Asymptotes

[Bolzano]

Determine asymptotes of the following function:
$$f(x) = \frac{x - 2}{e^{1/x}}$$I've managed to find the vertical asymptote $x = 0$, but I'm struggling with oblique one. It's equation is $y = ax + b$ and I calculated that $a = 1$ using formula
$$a = \lim_{x \to \infty} \frac{f(x)}{x}$$Now, I have a problem finding b.

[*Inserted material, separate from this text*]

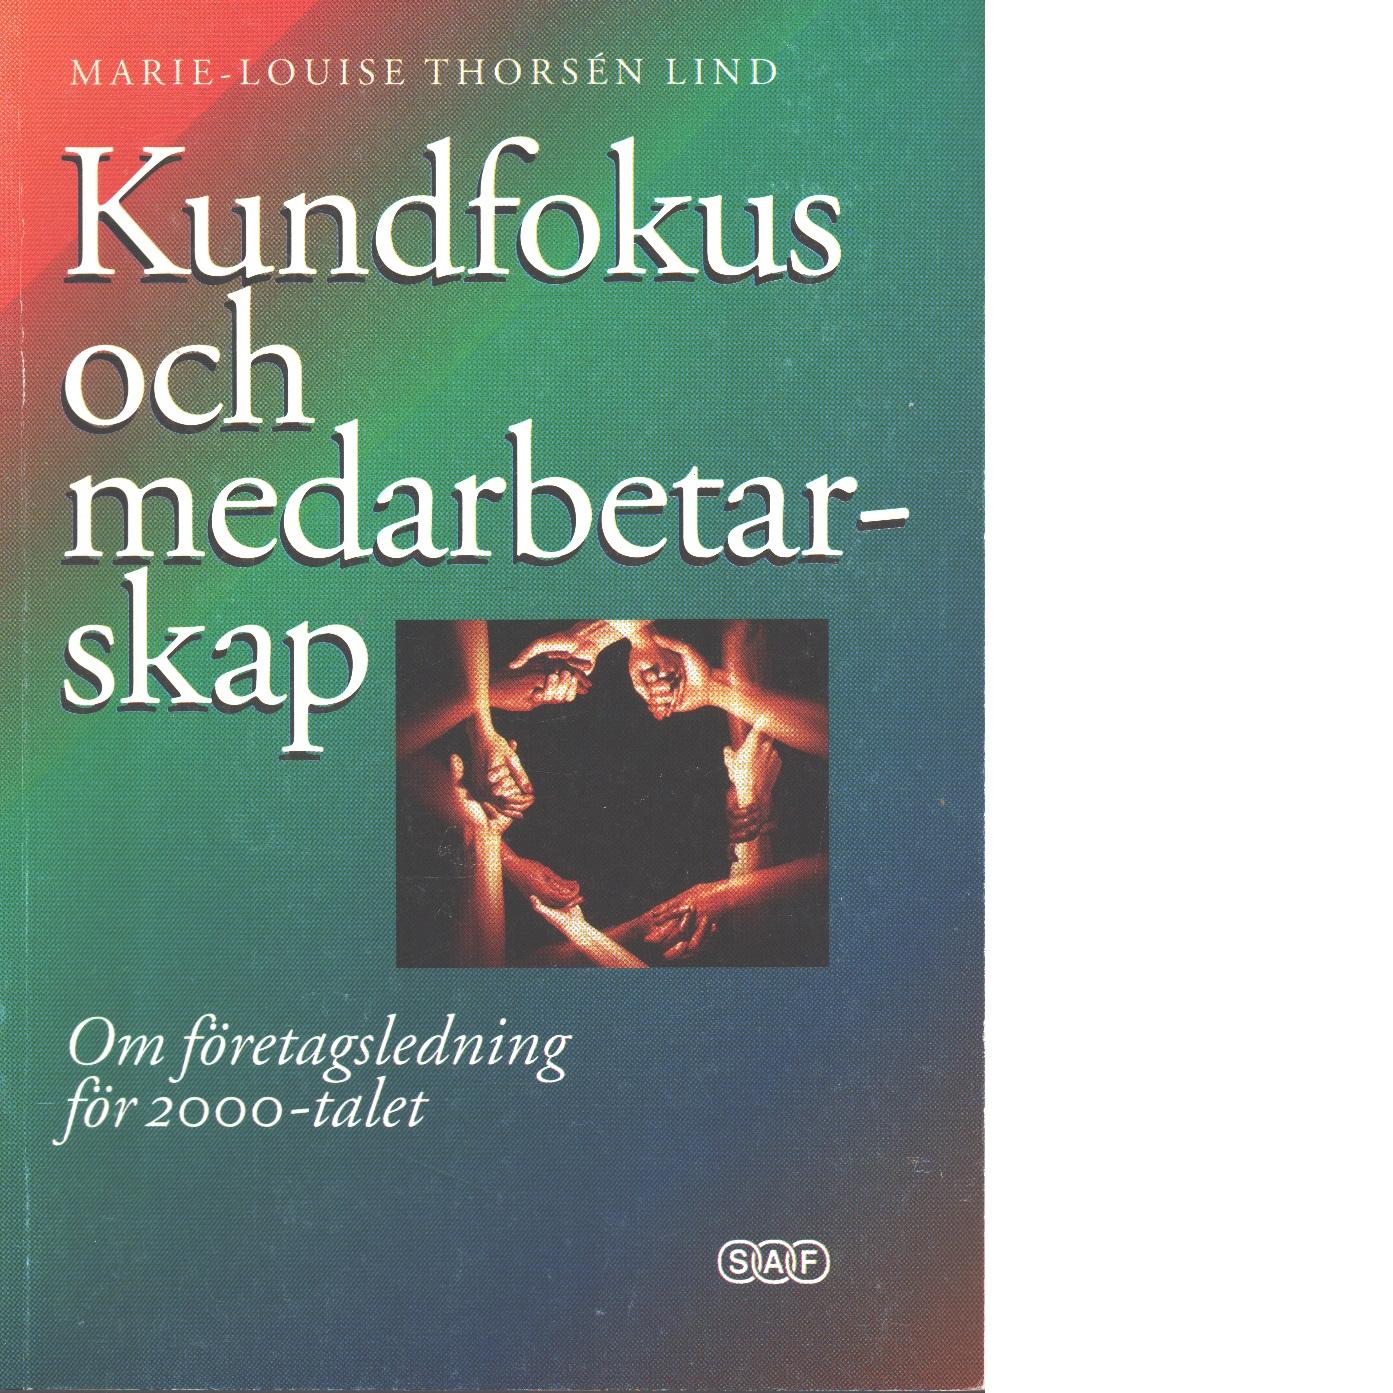 Kundfokus och medarbetarskap : om företagsledning för 2000-talet - Thorsén Lind, Marie-Louise

I used formula
$$b = \lim_{x \to \infty} (f(x) - ax)$$and got that
$$b = \lim_{x \to \infty} \bigg(\frac{x - 2}{e^{1/x} } - x\bigg)$$which I don't know how to solve.

P.S.
I don't speak English very well and it's my first time asking question here, so sorry if there are some mistakes.

 

[blamocur]

I would replace 1/x with a new variable and use L'Hopital's rule.

 

[Bolzano]

I would replace 1/x with a new variable and use L'Hopital's rule.

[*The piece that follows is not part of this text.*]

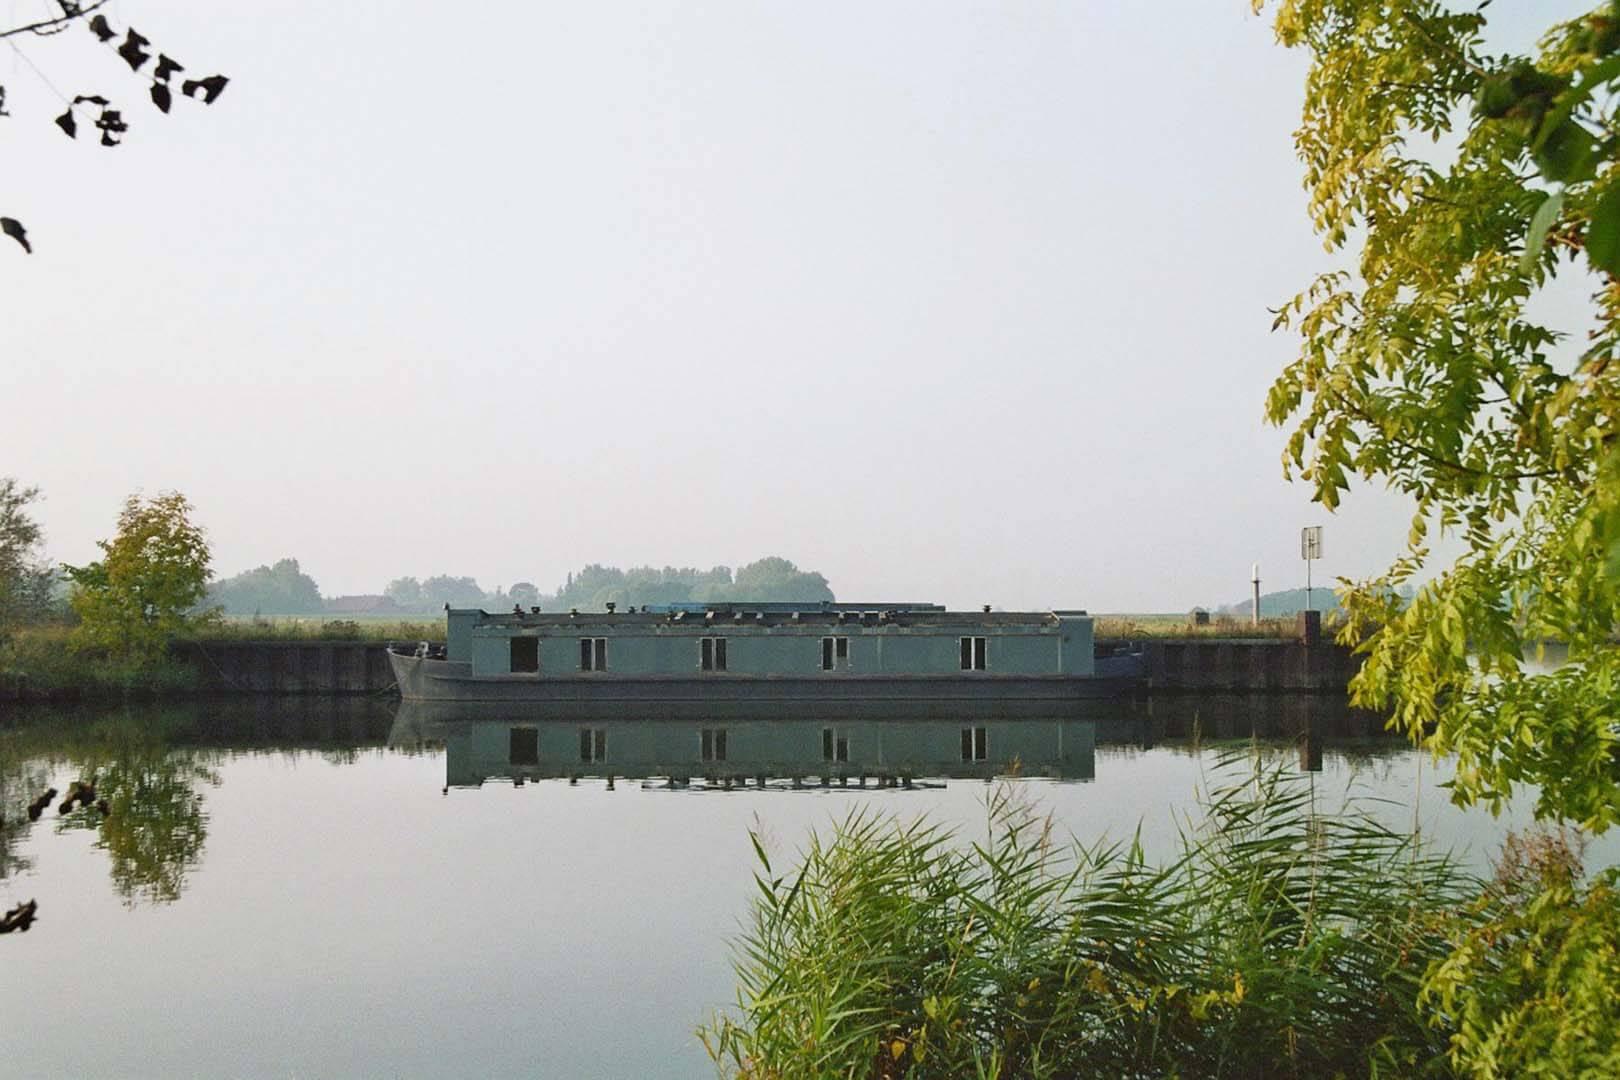 Die Peissnitz liegt ein Jahr in der Weser bei Dörverden und wartet auf das Wettbewerbsergebnis

I'm not allowed to use L'Hopital's rule.

 

[blamocur]

Even without L'Hopital's rule switching to a variable which tends to 0 seems to make it more manageable.

 

[Bolzano]

Even without L'Hopital's rule switching to a variable which tends to 0 seems to make it more manageable.

I've tried that and still wasn't able do it. I always end up with $\frac{0}{0}$.

 

[blamocur]

I've tried that and still wasn't able do it. I always end up with $\frac{0}{0}$.

Which methods for solving 0/0 type limits are you familiar with ?

 

[blamocur]

After scratching my head for a while I could not come up with a proof that $\lim\limits_{u\rightarrow 0} \frac{e^u-1}{u} = -1$ without using either L'Hopital's rule or Tailor's series.

 

[Bolzano]

After scratching my head for a while I could not come up with a proof that $\lim\limits_{u\rightarrow 0} \frac{e^u-1}{u} = -1$ without using either L'Hopital's rule or Tailor's series.

I solved it! Thank you for giving me an idea.

Here's how I proved that $\lim_{x \to 0} \frac{e^x - 1}{x} = 1$.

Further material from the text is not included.